Machine Learning One

Making WAT Livable: Macros, String Inlining, and Local Hoisting

Extending WAT with higher-level language features through a multipass preprocessor.

In the previous article, we felt the pain of raw WAT: 5 lines for every argument load, no inline strings, locals forced to the function top. This article builds the cure — a three-pass preprocessor that transforms an extended WAT dialect into standard WAT.

The Three Passes

The preprocessor takes a WAT function body and produces:

  1. A transformed body (standard WAT)
  2. A list of data sections (static data to write into memory before execution)
  3. An initial memory top (past the static data zone)
pub struct PreprocessResult {
    pub body: String,
    pub data_sections: Vec<DataSection>,
    pub initial_top: u32,
}

pub struct DataSection {
    pub offset: u32,
    pub bytes: Vec<u8>,
}

The three passes are:

  • Pass 0: Macro expansion(argv N $var), (check $err), (resv $ptr) → standard WAT
  • Pass 1: String inlining"hello" and """multi-line"""(i32.const offset) + data sections
  • Pass 2: Local hoisting(local ...) declarations moved to function top, deduped

Pass 0: Macro Expansion

The tree-sitter-wat-plus Grammar

The preprocessor needs to parse WAT-plus source into an AST — standard WAT plus our macro extensions. We started from the existing tree-sitter-wasm grammar, which provides a full tree-sitter grammar for the WebAssembly text format. We then stripped out everything irrelevant to our i32-only subset (floating-point instructions, SIMD, reference types, table operations) and extended the grammar with three new node types: argv_macro, check_macro, and resv_macro. The result is tree-sitter-wat-plus, a minimal grammar that parses exactly the language our LLM generates.

Starting from an established WAT grammar instead of writing one from scratch was important — tree-sitter grammars for S-expression languages have subtle corner cases around nested parentheses, comments, and string escaping. The wasm-lsp grammar had already solved these.

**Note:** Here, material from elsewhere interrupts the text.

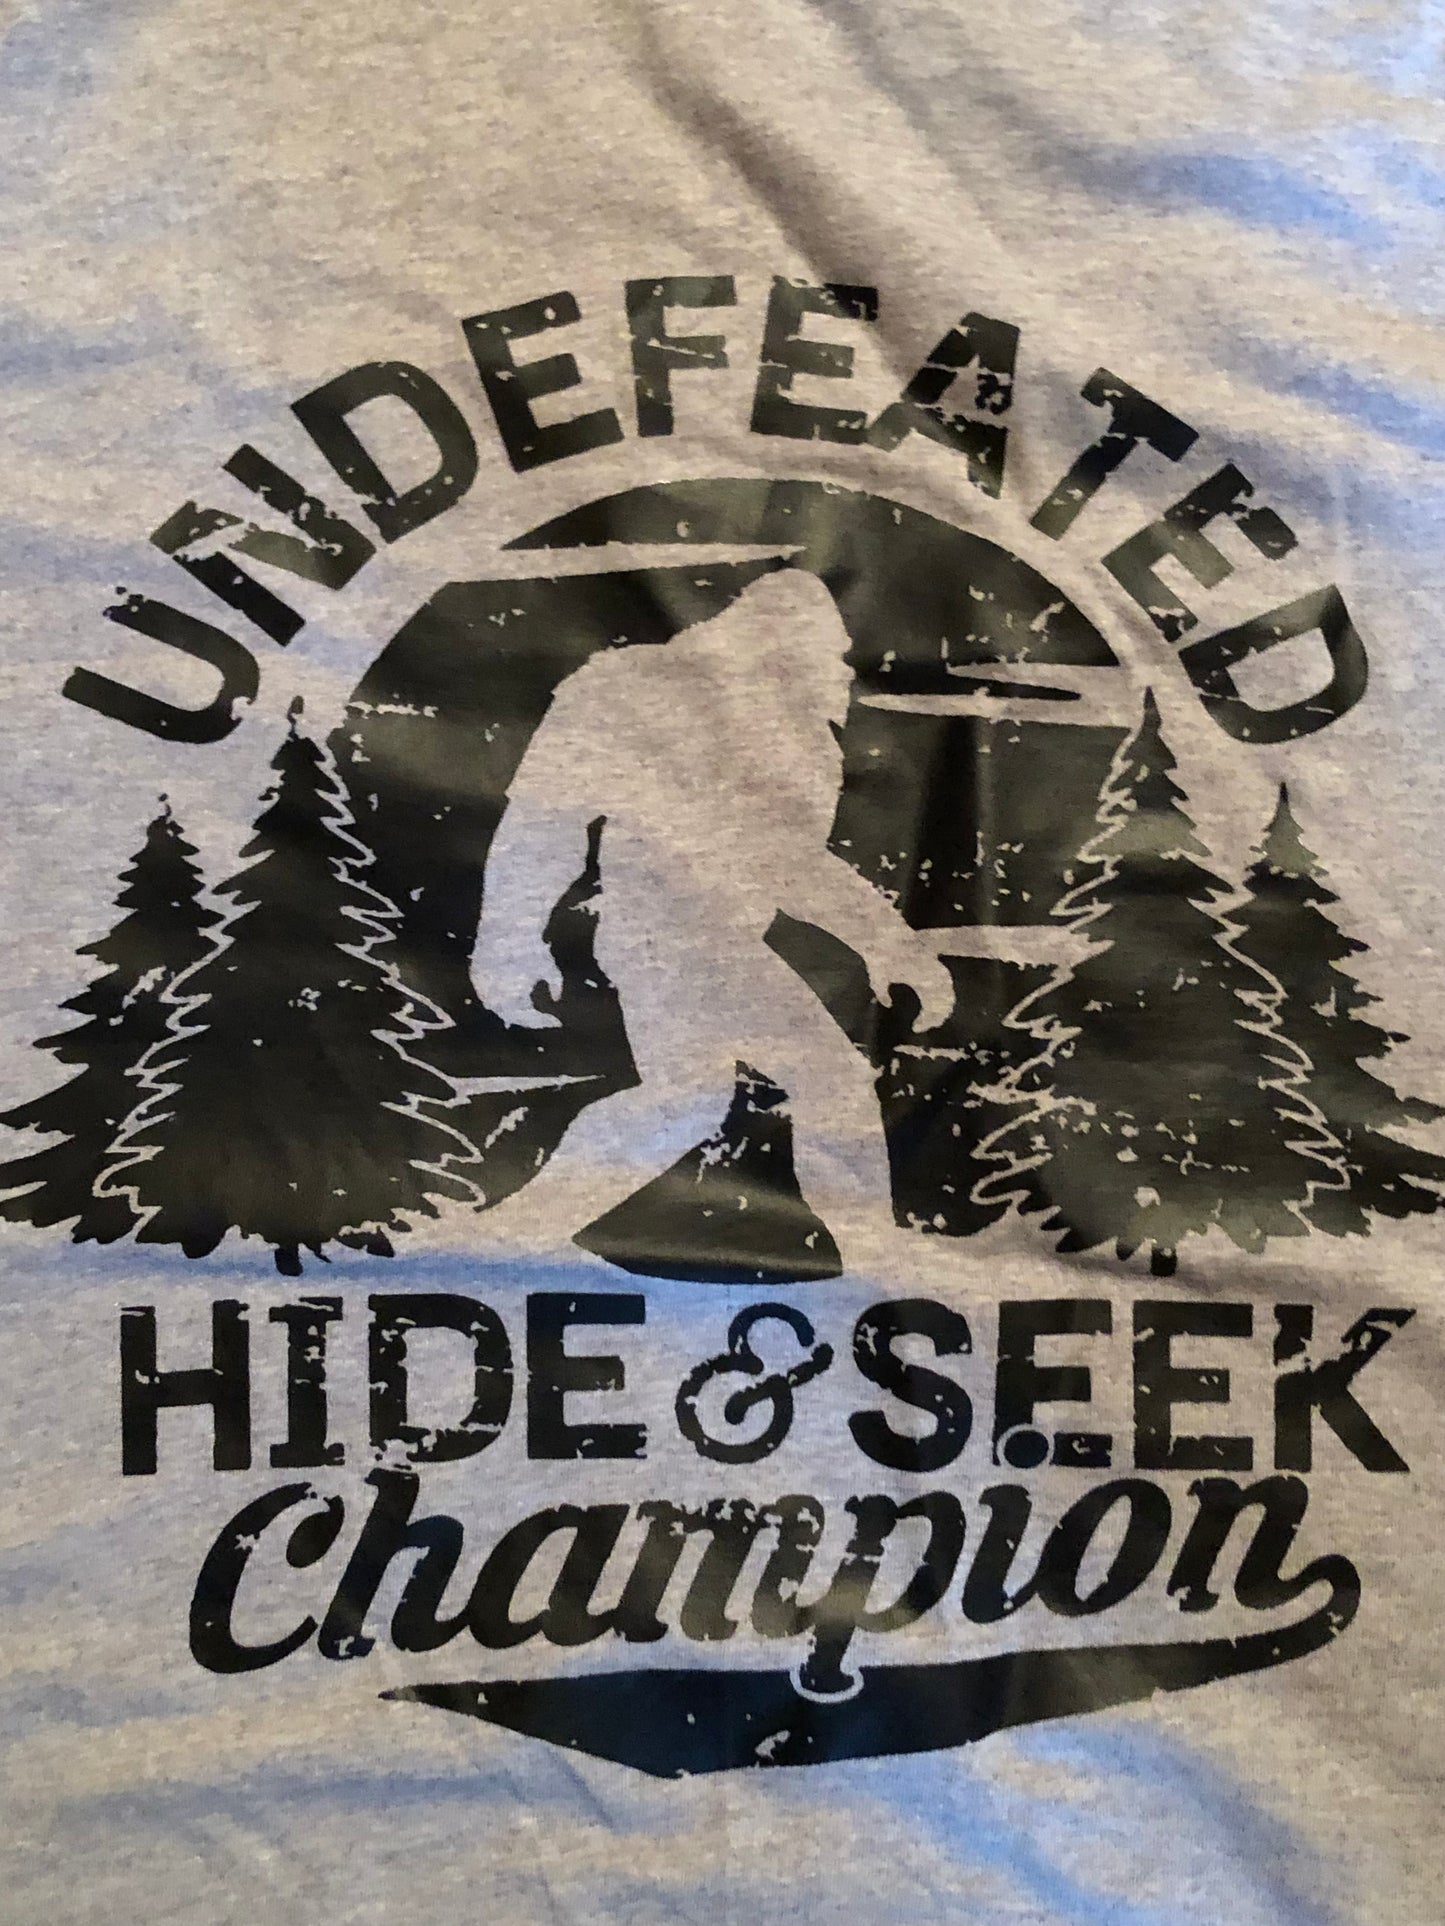 Undefeated Hide and Seek Champion Big Foot Sasquatch t-shirt

The preprocessor uses this grammar to parse the body into an AST, walks the AST to find macro nodes, expands each one, and splices the expansions into the source text.

The argv Macro

Input:

(argv 0 $url_ptr)

Expansion:

(local $url_ptr i32)
(local $url_err i32)
(call $sys.argv (i32.const 0))
(local.set $url_err)
(local.set $url_ptr)
(if (i32.ne (local.get $url_err) (i32.const 0))
    (then (return (local.get $url_err)))
)

One line becomes seven. The error local name is derived automatically: $url_ptr$url_err (strip _ptr suffix if present, append _err):

fn derive_err_name(name: &str) -> String {
    let base = name.strip_prefix('$').unwrap_or(name);
    let base = base.strip_suffix("_ptr").unwrap_or(base);
    format!("${}_err", base)
}

So $query_ptr$query_err, $seed$seed_err, $body_ptr$body_err.

The check Macro

Input:

(check $body_err)

Expansion:

(if (i32.ne (local.get $body_err) (i32.const 0))
    (then (return (local.get $body_err)))
)

One line becomes three. This is the error guard pattern — if the error code is non-zero, return it immediately.

The resv Macro

Input:

(resv $result_ptr)

Expansion:

(call $sys.resv (local.get $result_ptr))

Implementation

The macro expander walks the tree-sitter AST with an iterative DFS, collecting MacroHit structs:

struct MacroHit {
    start: usize,   // byte offset in source
    end: usize,     // byte offset in source
    expansion: String,
}

For each macro node, it extracts the arguments (index and variable name for argv, variable name for check/resv) and formats the expansion string. After collecting all hits, it sorts them by descending position and splices the expansions back-to-front (to avoid offset shifts):

hits.sort_by(|a, b| b.start.cmp(&a.start));
let mut result = source.to_vec();
for hit in &hits {
    result.splice(hit.start..hit.end, hit.expansion.bytes());
}

If no macros are found, the function returns None (fast path — avoids re-parsing overhead).

Pass 1: String Inlining

After macro expansion, the preprocessor re-parses with tree-sitter and walks the AST again, this time collecting string_literal nodes.

String Formats

Two formats are supported:

Single-line strings: "hello world" — standard WAT escape sequences apply:

  • \n, \t, \r — whitespace escapes
  • \", \', \\ — literal characters
  • \HH — two hex digits → one byte
  • \u{hex...} — Unicode codepoint (UTF-8 encoded)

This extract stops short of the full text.